Fourth step: eliminate explicit recursion using Y. To do this, we come
up with a new name---here, `plusF`---and add it as a new parameter to
our function. We'll use `plusF` to do a recursive call, and pass our
whole function to Y.

> plus = Y \plusF m n -> (isZero m) n (plusF (pred m) (succ n))

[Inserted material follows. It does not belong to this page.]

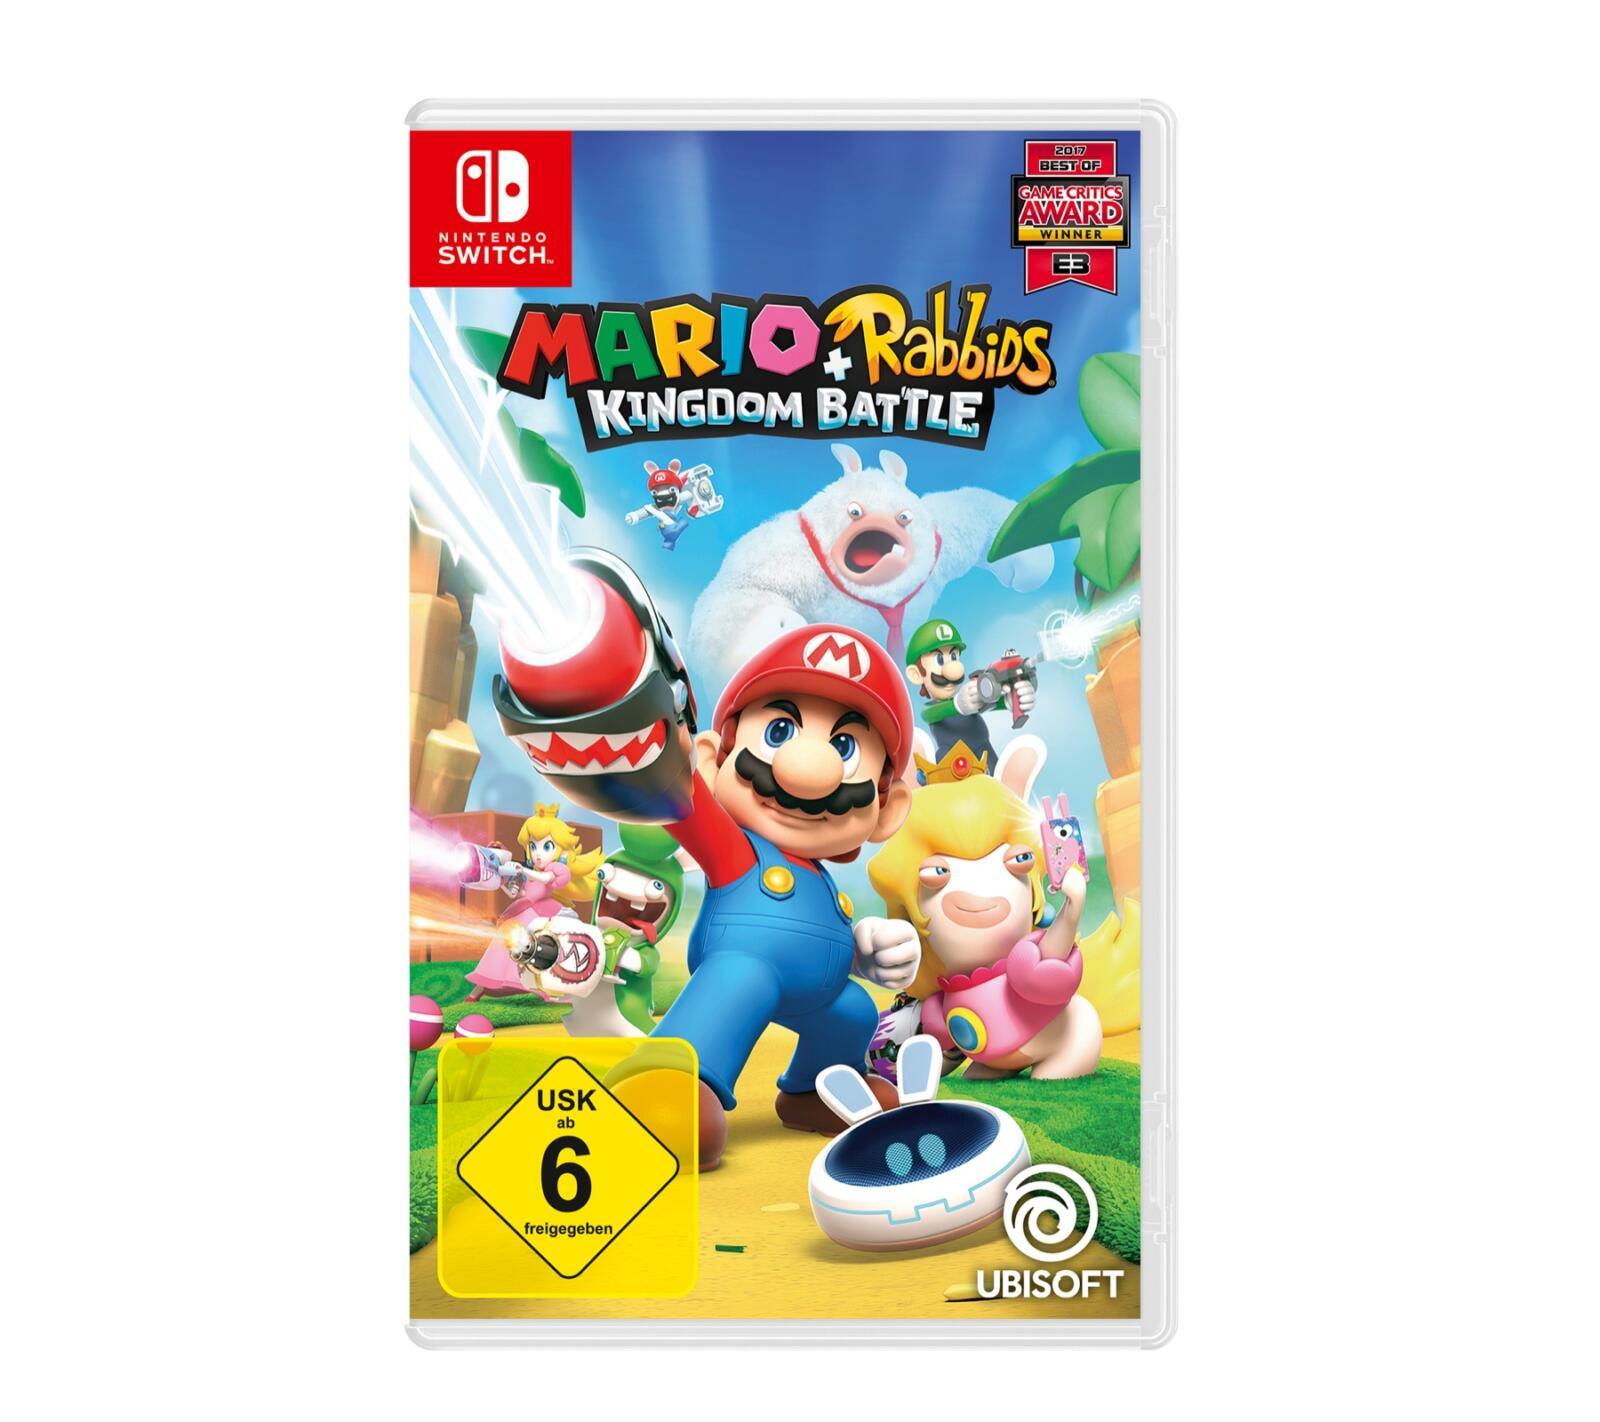 aff kingdom battle mario Nintendo rabbids Switch ubisoft

Fifth and final step: translate to lambda calculus syntax! This
amounts to changing arrows to dots and giving the slashes little legs
to make them lambdas.

```
plus = Y (λplusF m n. (isZero m) n (plusF (pred m) (succ n)))
```

<h3>CBV equivalents</h3>

The above recipe isn't *exactly* right. `isZero m` will return a
boolean which will evaluate both of its arguments... one of which is a
recursive call!

The solution is to 'delay' a little bit more. We can write the delayed
Church booleans as:

```
true = lambda a b. a (lambda x. x)
false = lambda a b. b (lambda x. x)
```

The expectation here is that each choice (`a` or `b`) takes a single
argument, which it ignores. By putting each choice under a lambda, we
can delay evaluation until the choice is made.

Try to figure out how to write `and`, `or`, and `not` on your own. But
we can write our conditional:

```
plus = Y (λplusF m n. (isZero m) (lambda x. n) (lambda x. (plusF (pred m) (succ n))))
```

Such functions that ignore their arguments are called "thunks".